TASK MATERIAL.
——————————
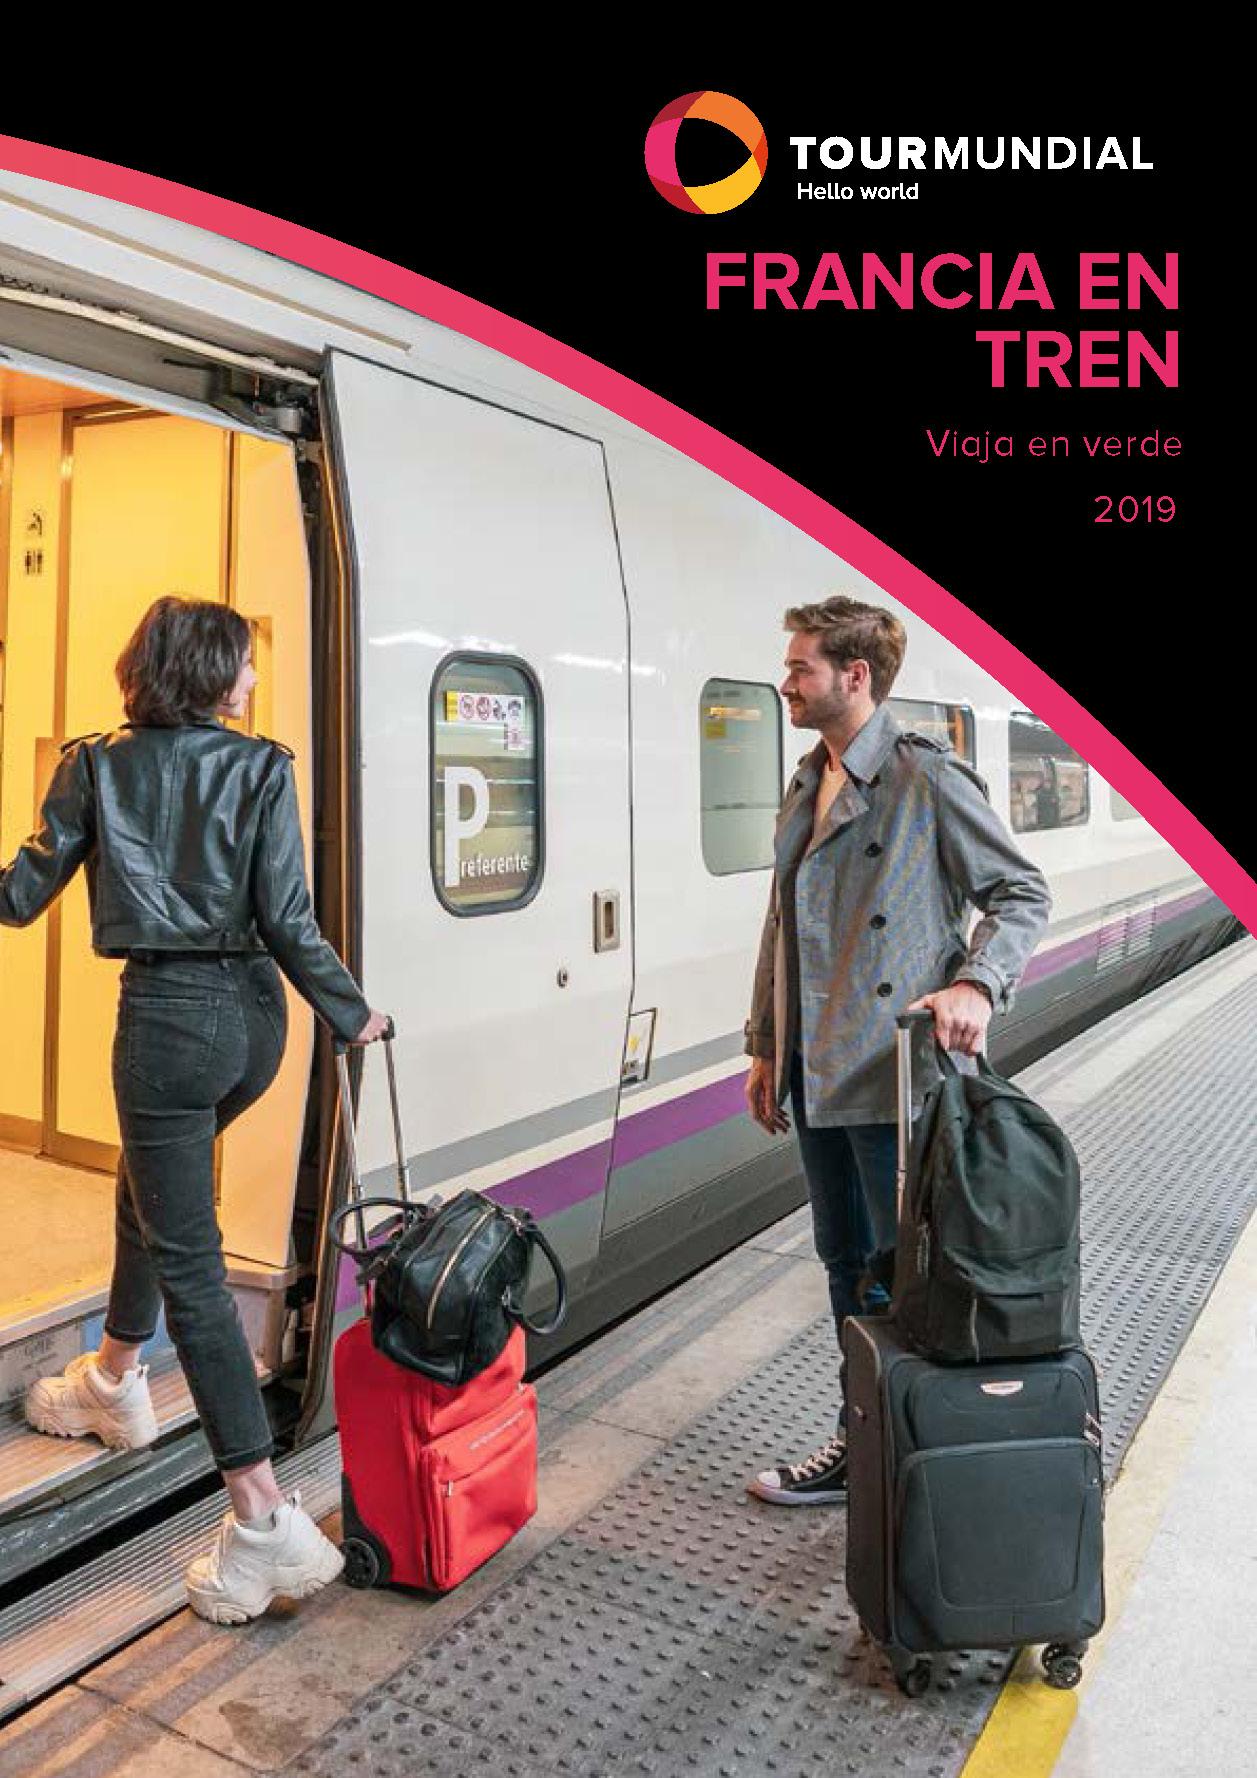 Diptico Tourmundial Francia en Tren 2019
——————————
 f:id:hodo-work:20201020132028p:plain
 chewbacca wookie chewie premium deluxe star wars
——————————
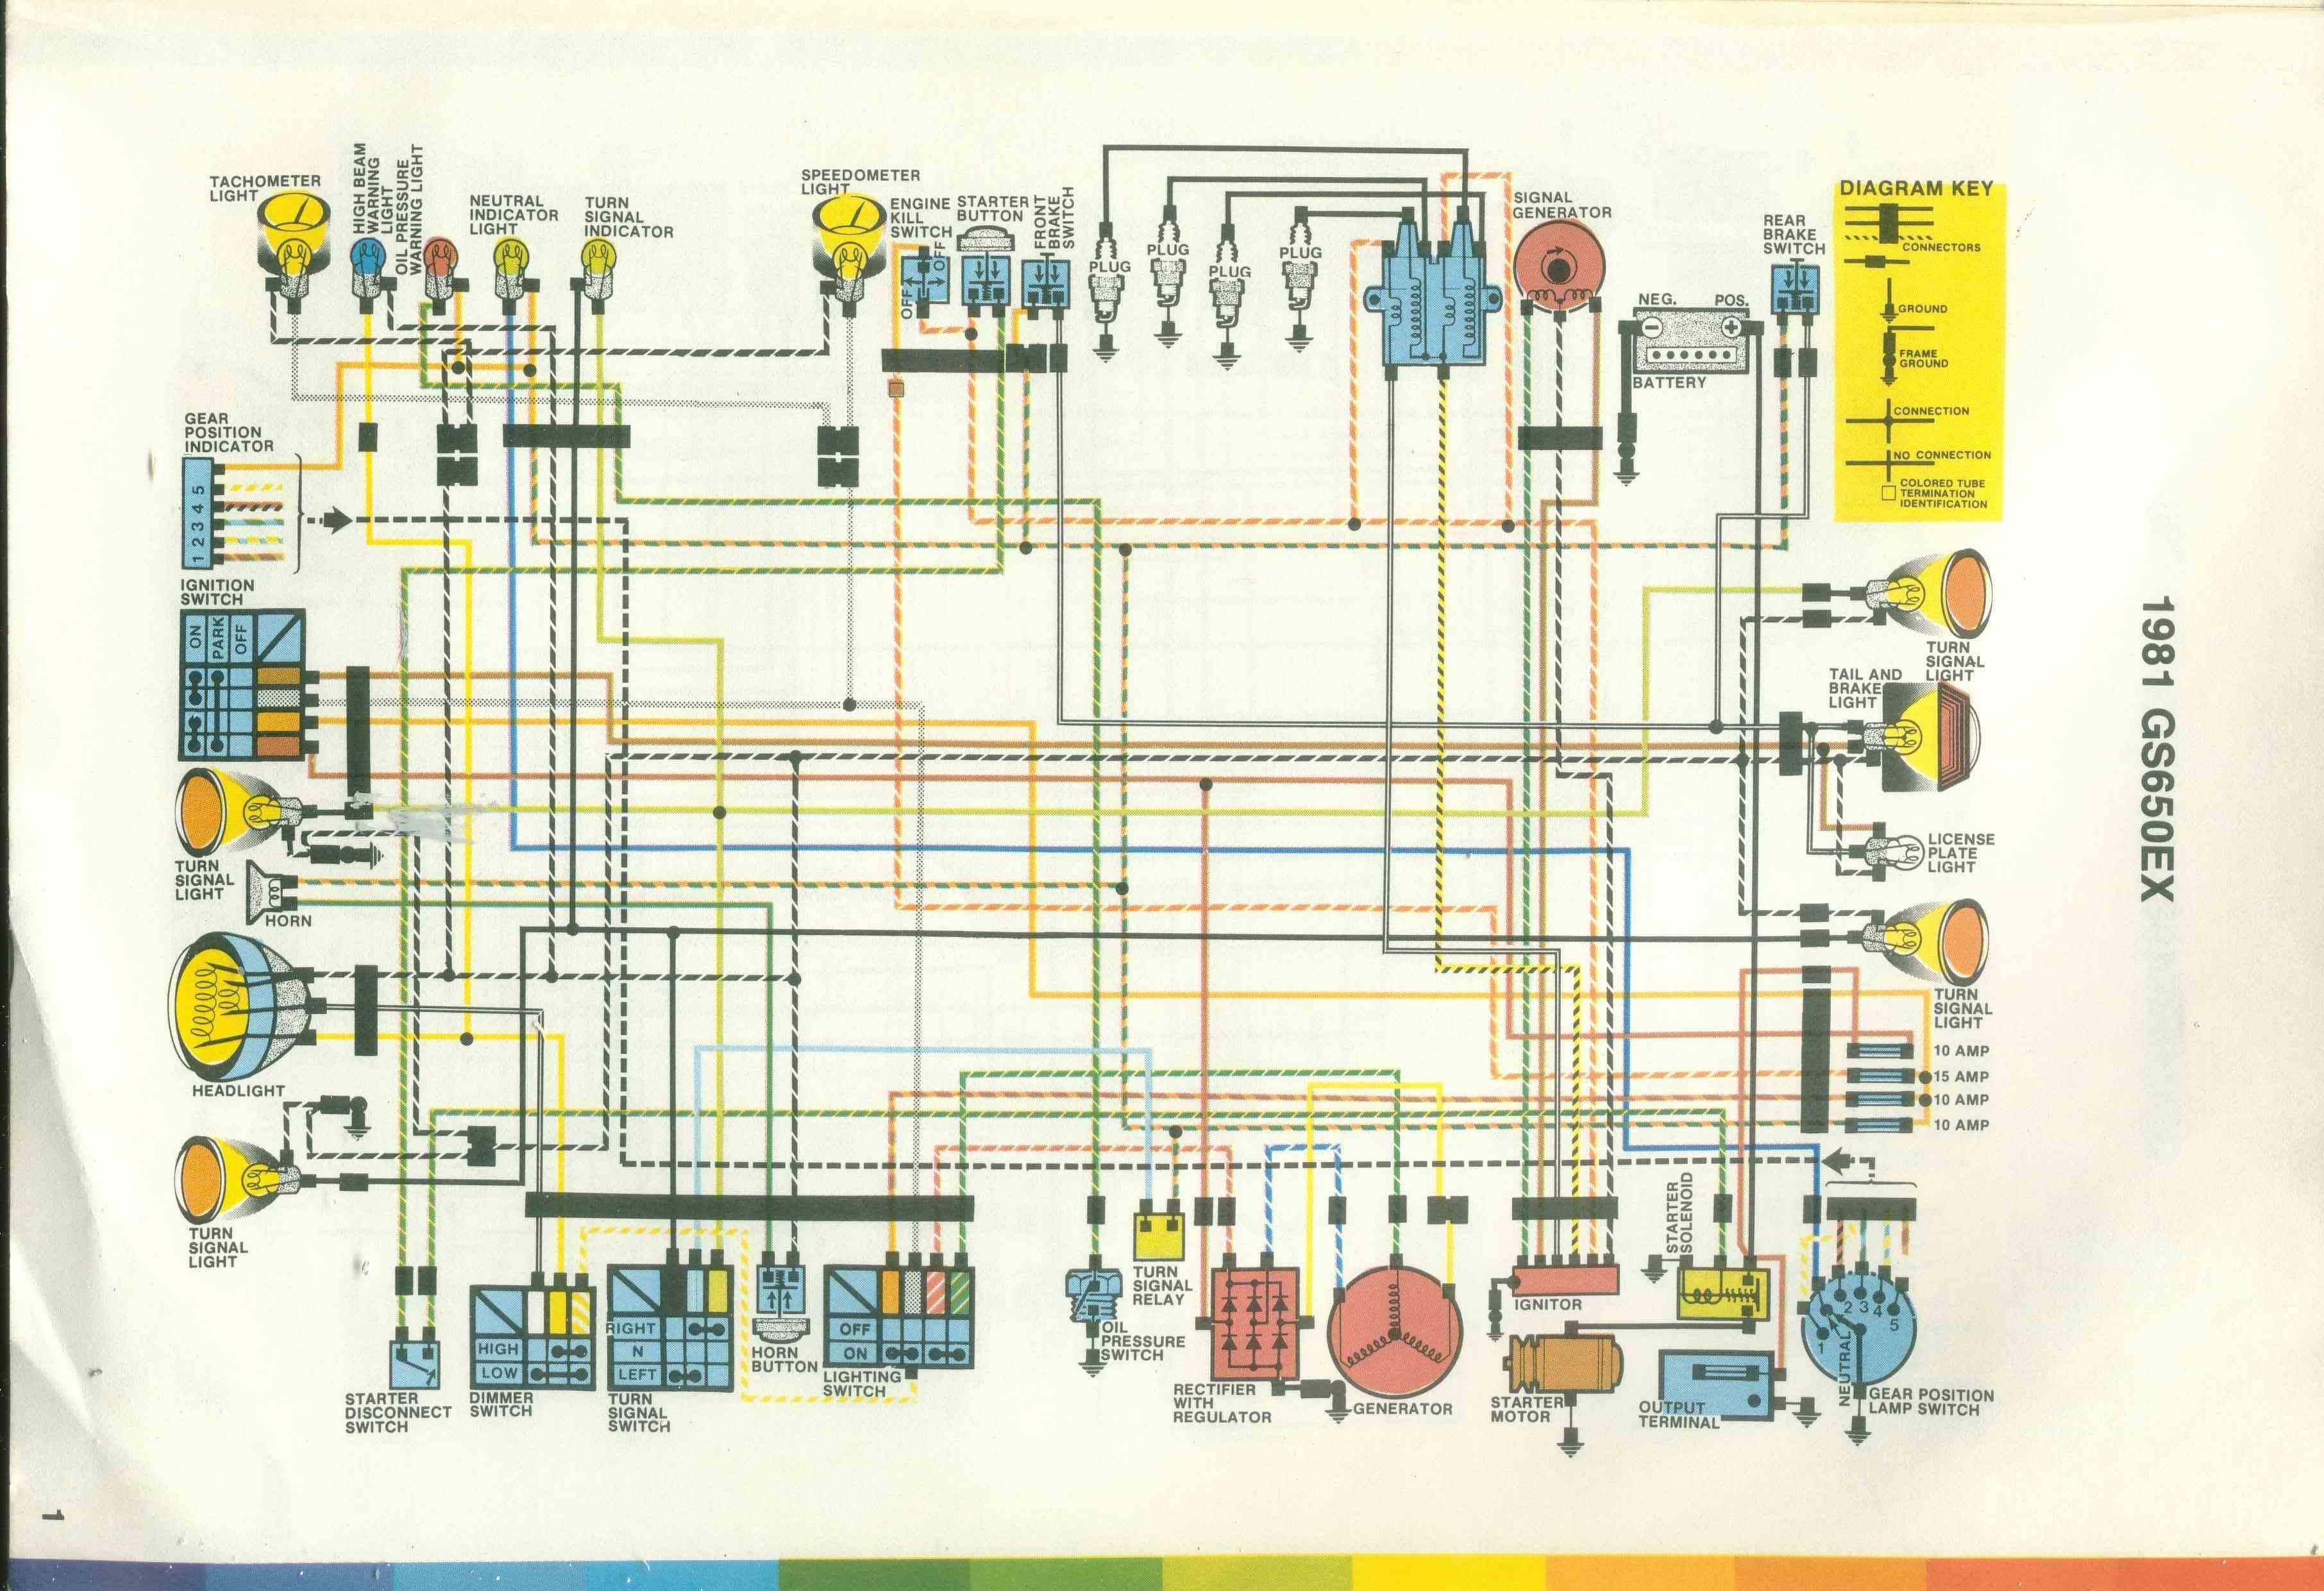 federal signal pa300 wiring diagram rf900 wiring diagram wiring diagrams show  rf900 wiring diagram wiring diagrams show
——————————
PROBLEM DESCRIPTION. Word for word, restate the lines of the listing above starting at the line with "f:id:hodo-work:20201020132028p:plain" and ending at the line with "chewbacca wookie chewie", and nothing outside them.

RESPONSE BOX.
 f:id:hodo-work:20201020132028p:plain
 chewbacca wookie chewie premium deluxe star wars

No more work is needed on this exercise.